• **Problem to work on**:
Look in the listing below for the line that has "Carretera Austral in", then return it and each following line up to and including the one with "Laconiko - Laconiko", exactly and without pictures.

• **Record set**:

[Start of section]

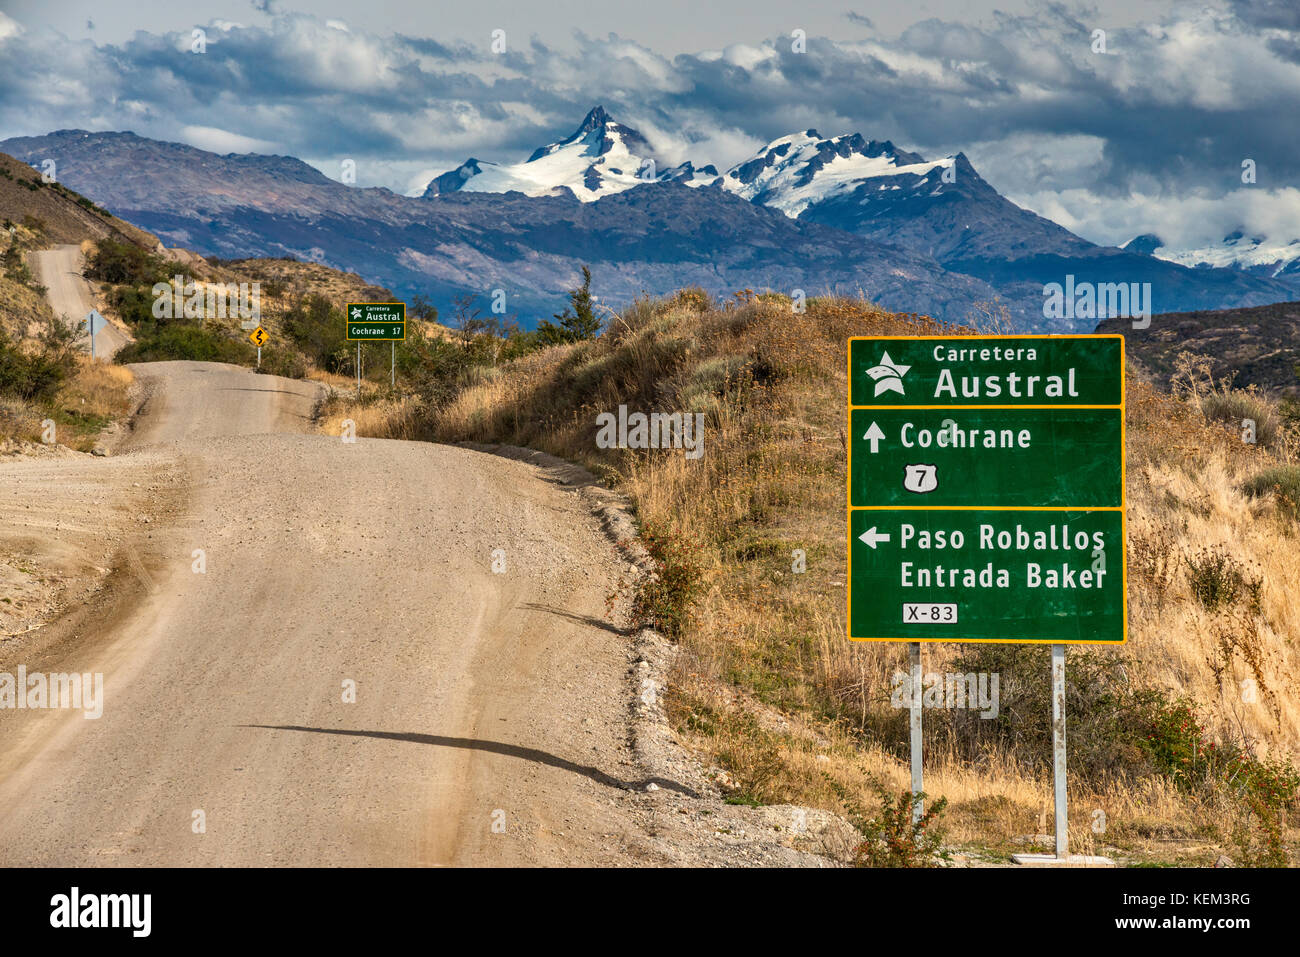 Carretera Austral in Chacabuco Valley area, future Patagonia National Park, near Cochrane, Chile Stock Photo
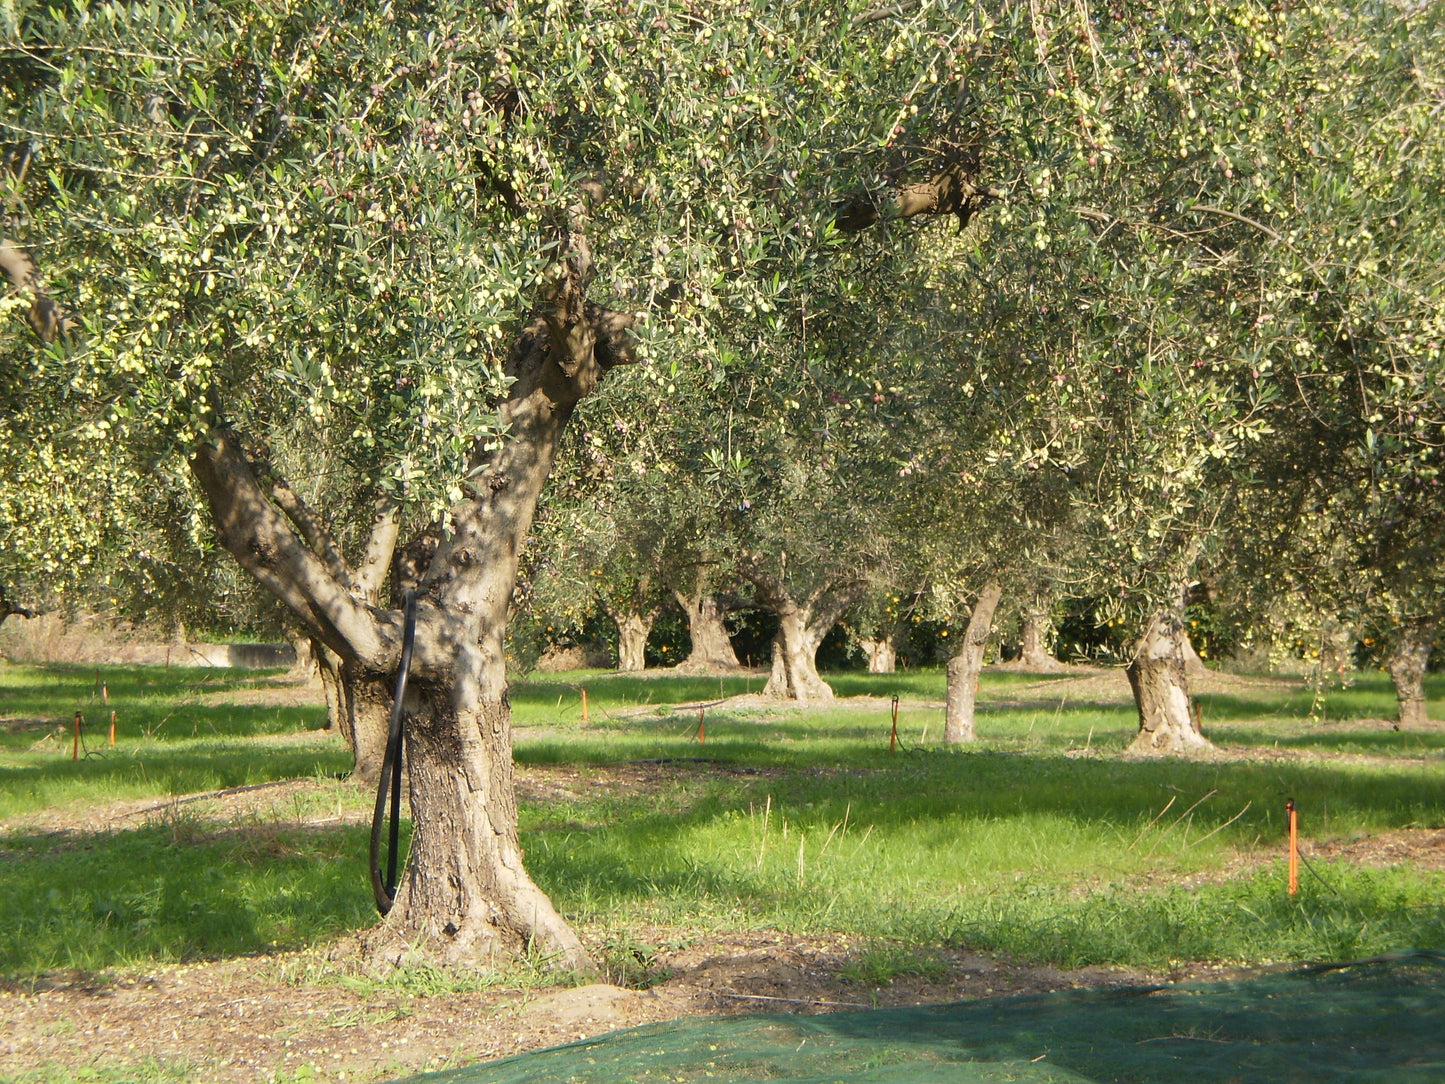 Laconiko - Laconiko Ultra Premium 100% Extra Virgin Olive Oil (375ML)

[End of section]
[Start of section]

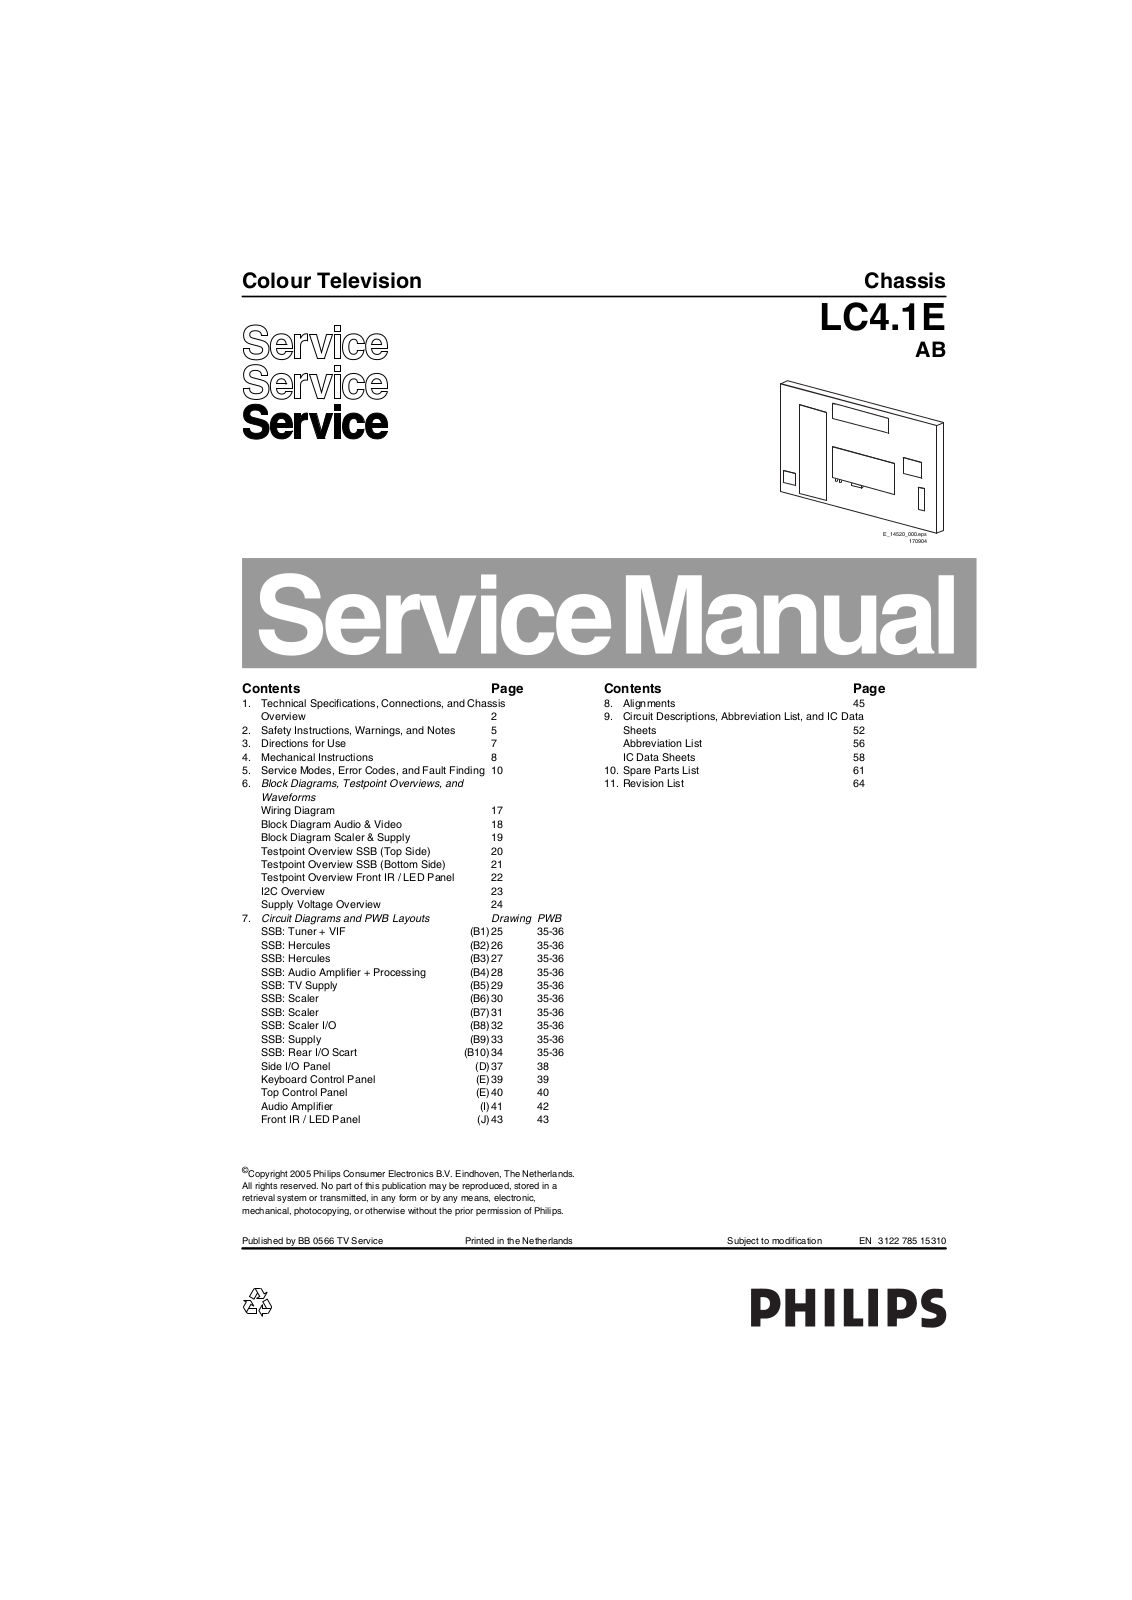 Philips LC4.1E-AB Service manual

[End of section]
[Start of section]

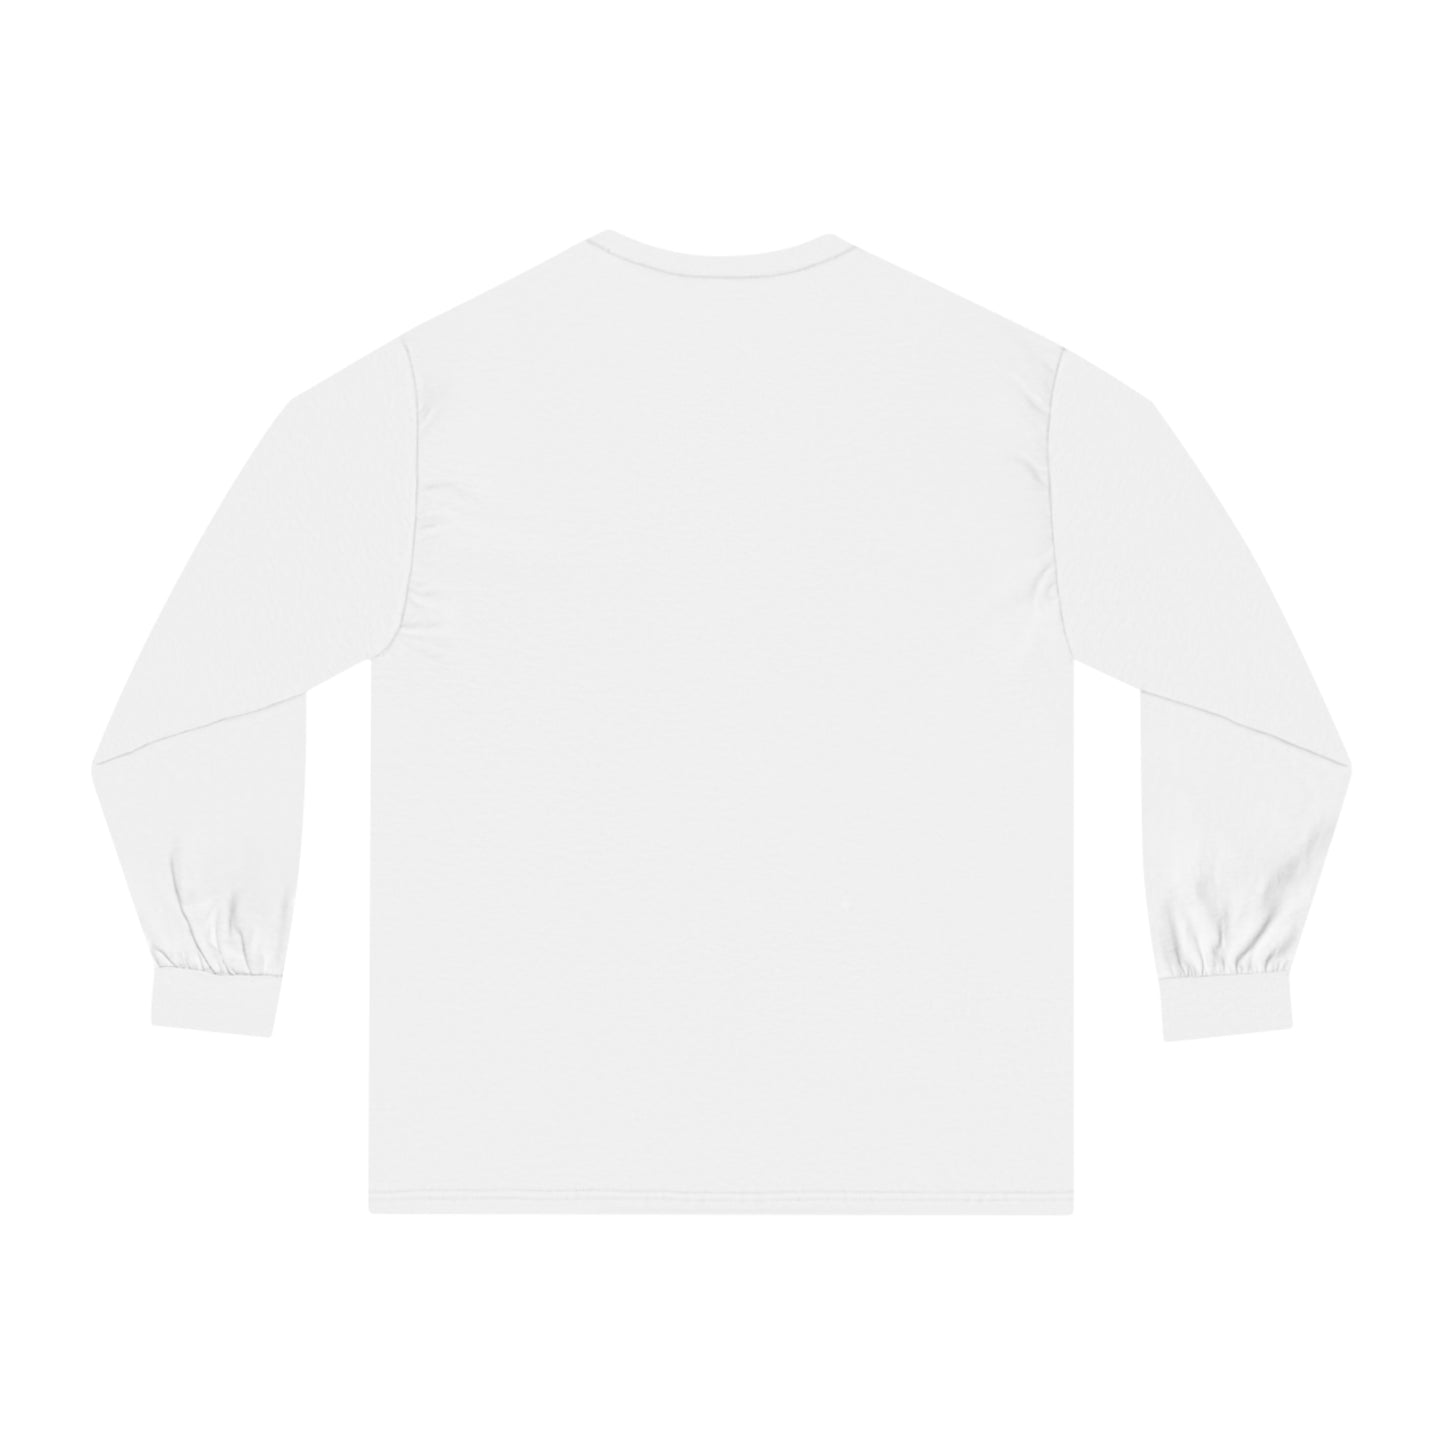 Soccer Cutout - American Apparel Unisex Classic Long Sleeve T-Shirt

[End of section]

• **Expected answer**:
 Carretera Austral in Chacabuco Valley area, future Patagonia National Park, near Cochrane, Chile Stock Photo
 Laconiko - Laconiko Ultra Premium 100% Extra Virgin Olive Oil (375ML)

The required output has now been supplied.